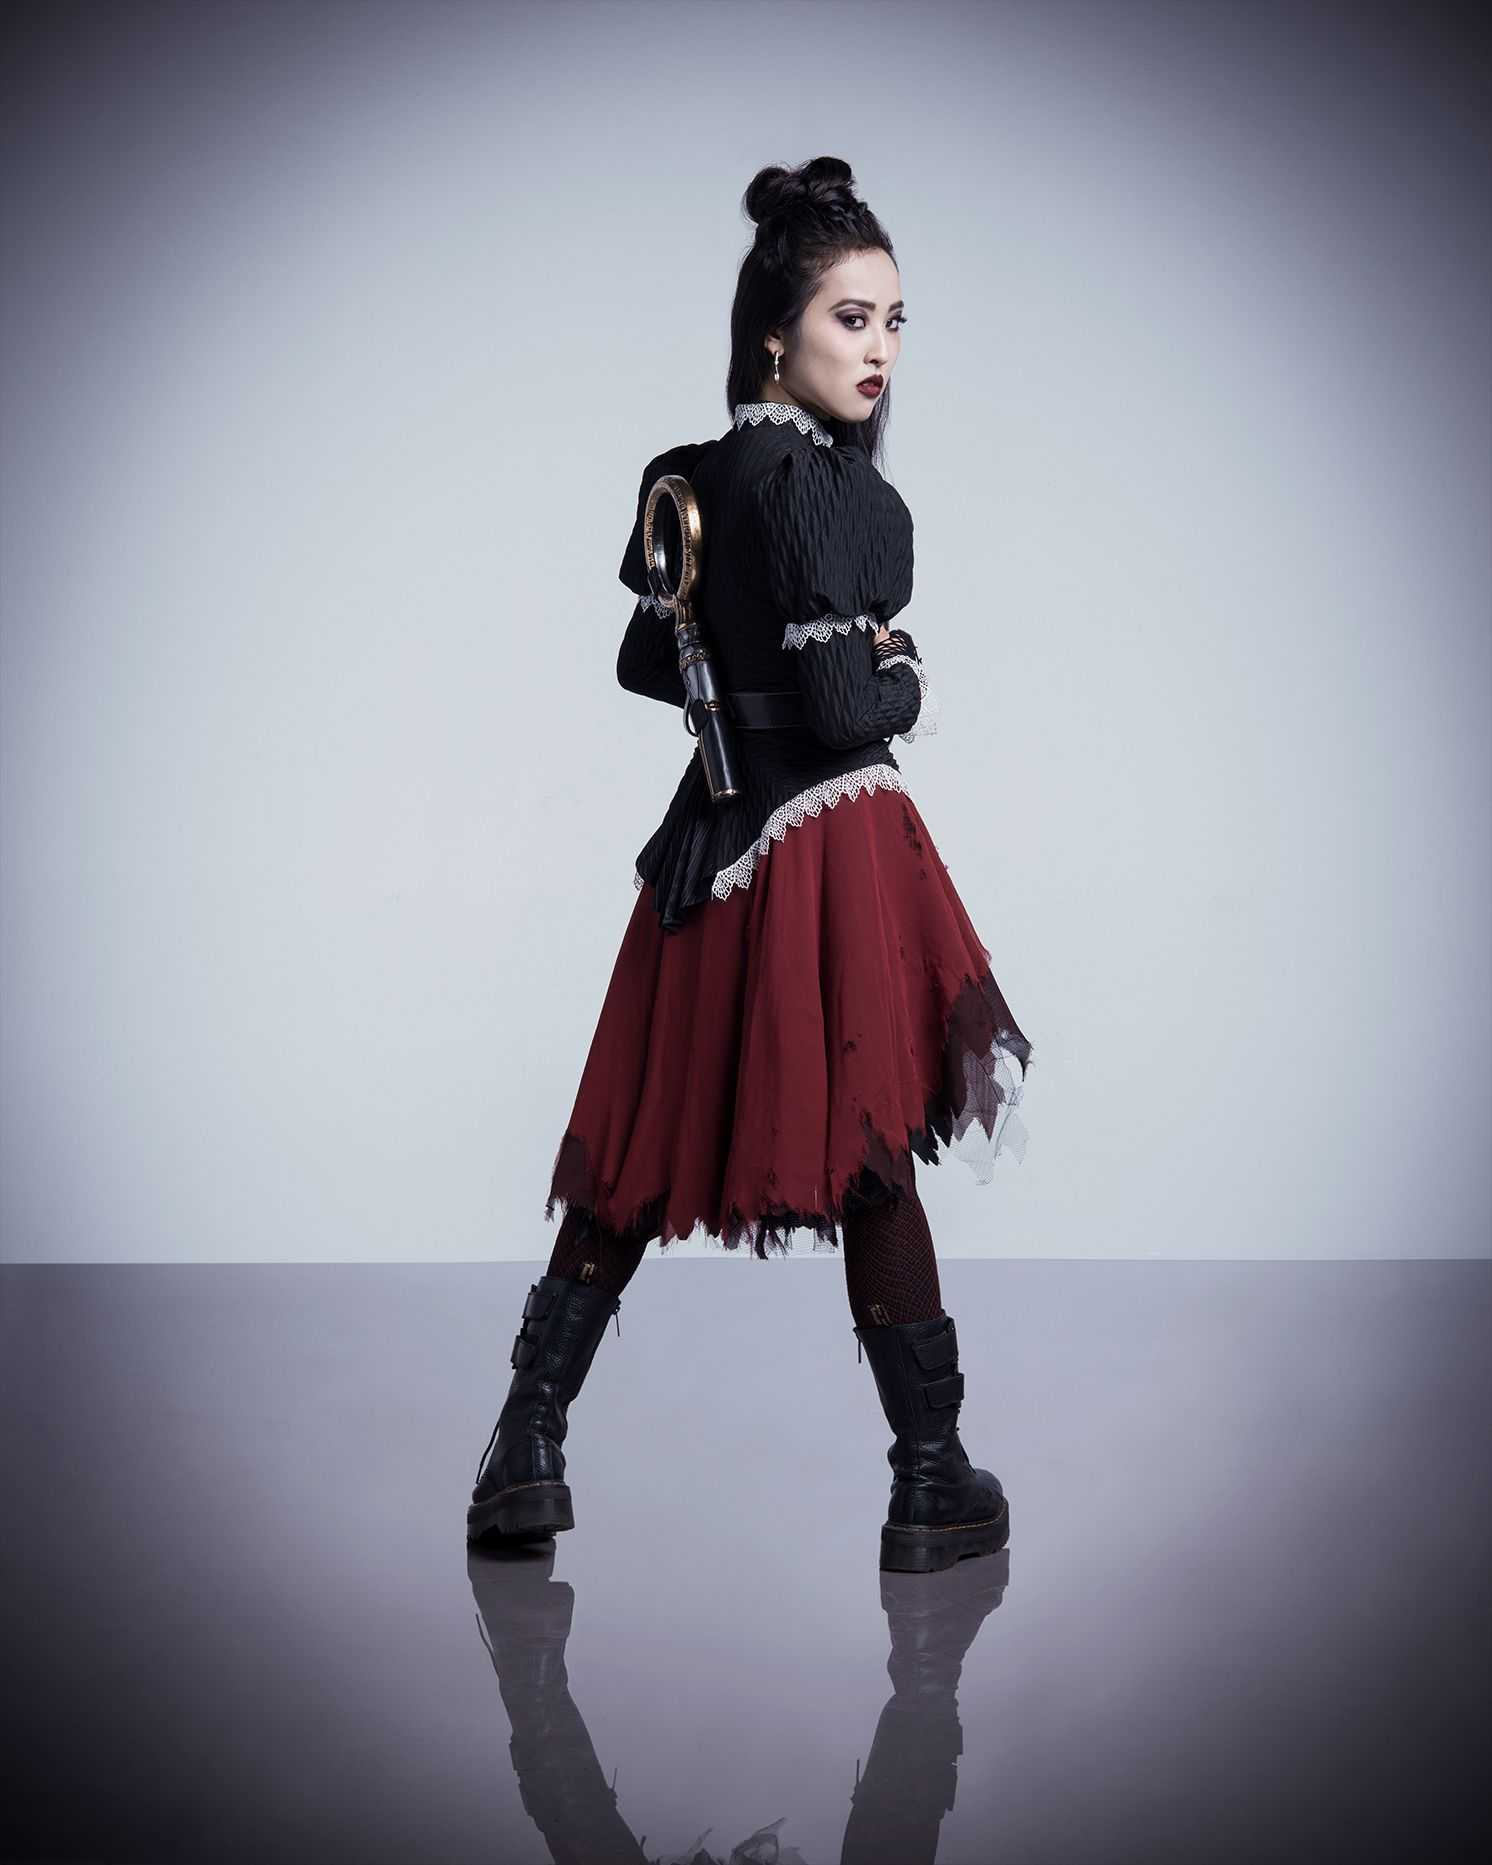 41 Hot Pictures Of Nico Minoru That Will Make You Begin To Look All Starry Eyed At Her 40
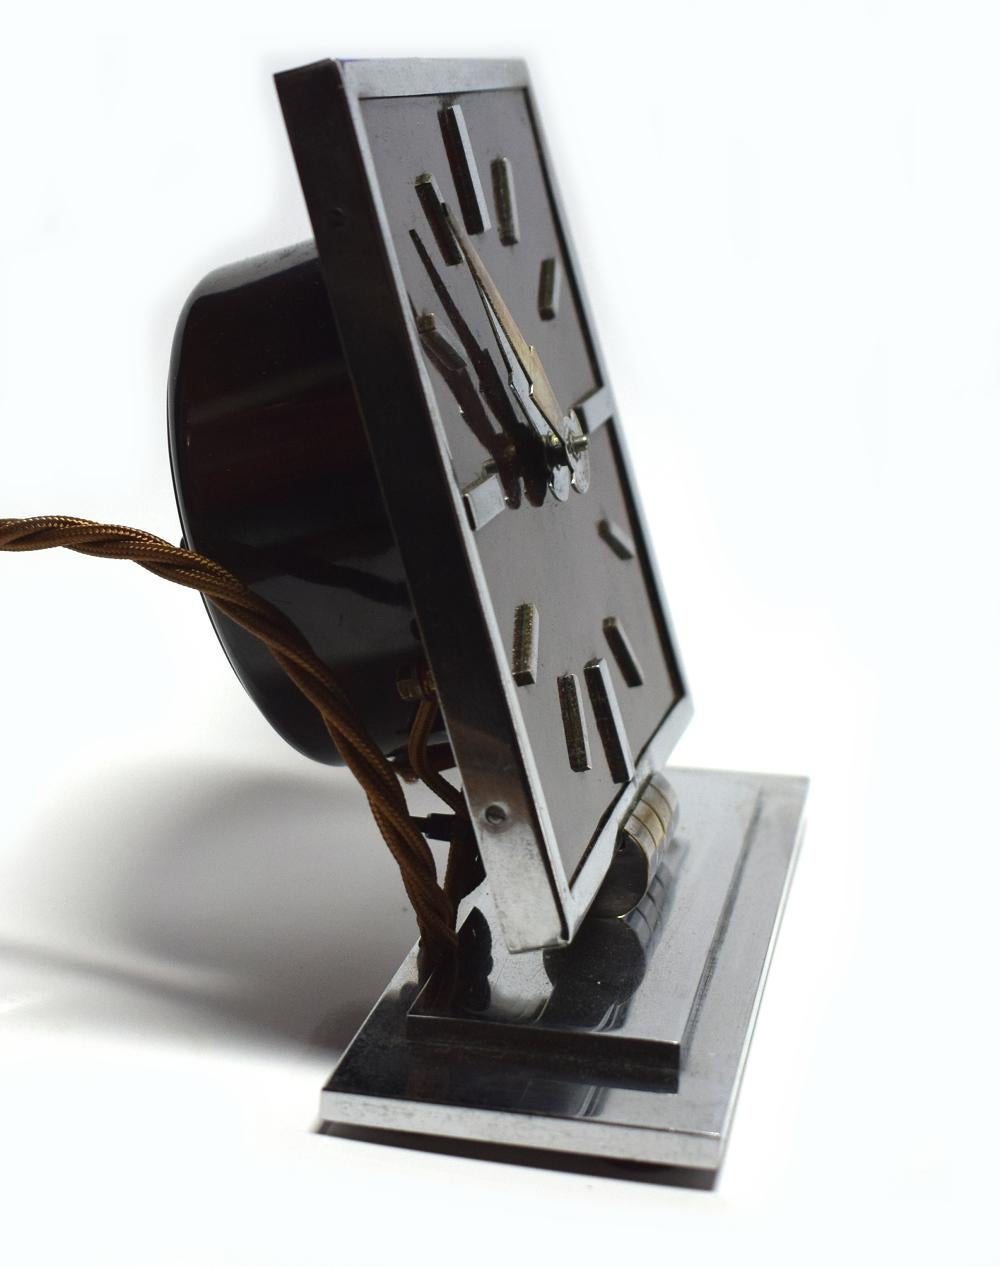 Art Deco Modernist 1930s Chrome and Bakelite Clock In Good Condition For Sale In Devon, England
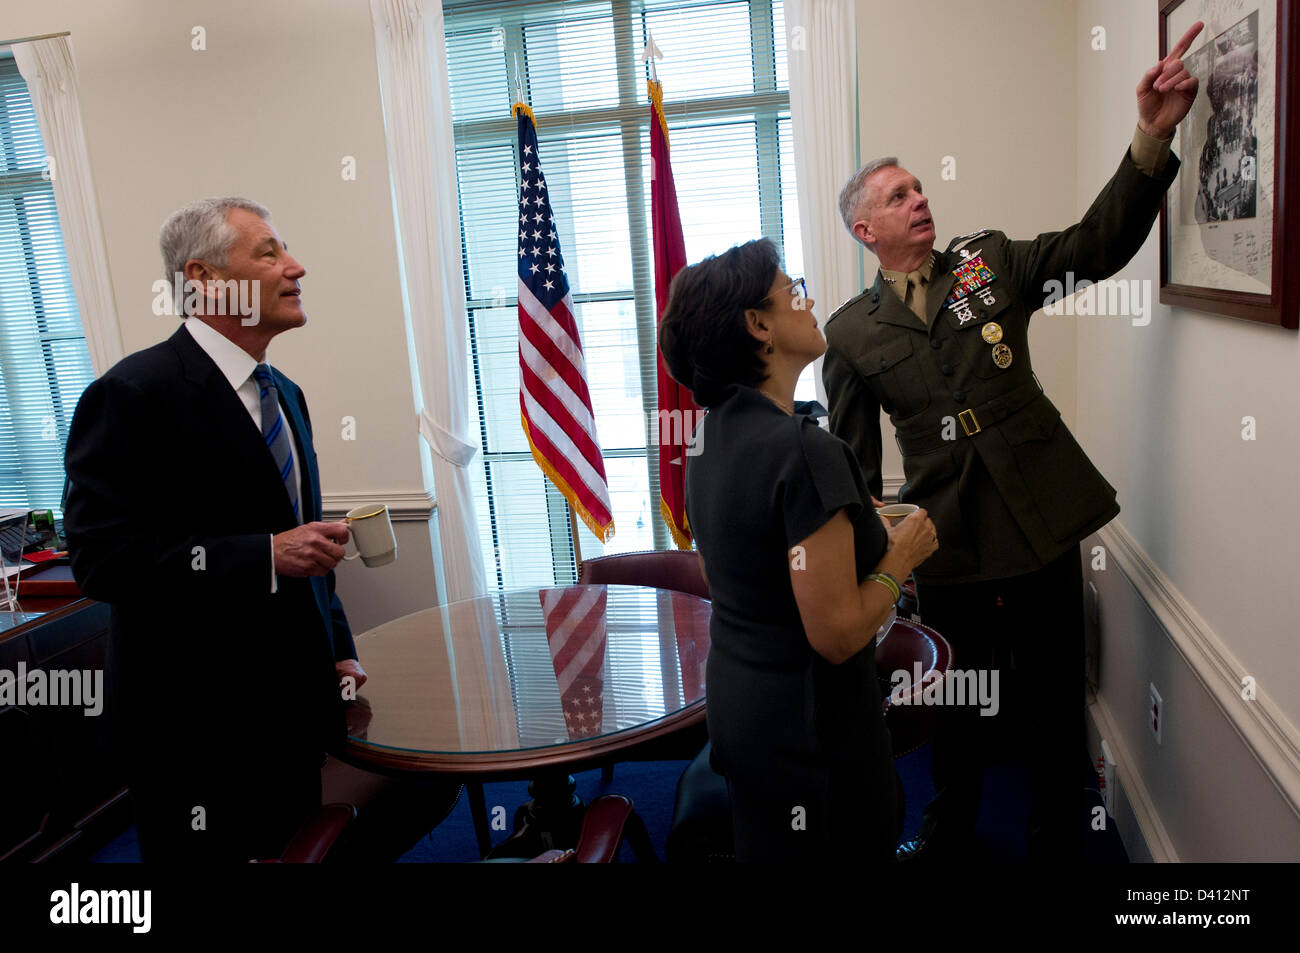 US Secretary of Defense Chuck Hagel and his wife Lilibet are given a tour by his senior military advisor, Marine Corps Lt. Gen. Thomas Waldhauser as the new Secretary February 27, 2013 in Arlington, Virginia. Stock Photo
......
What needs to be done — The answer must be the data above, repeated exactly, with no pictures.

Answer to this problem —
 41 Hot Pictures Of Nico Minoru That Will Make You Begin To Look All Starry Eyed At Her 40
 Art Deco Modernist 1930s Chrome and Bakelite Clock In Good Condition For Sale In Devon, England
 US Secretary of Defense Chuck Hagel and his wife Lilibet are given a tour by his senior military advisor, Marine Corps Lt. Gen. Thomas Waldhauser as the new Secretary February 27, 2013 in Arlington, Virginia. Stock Photo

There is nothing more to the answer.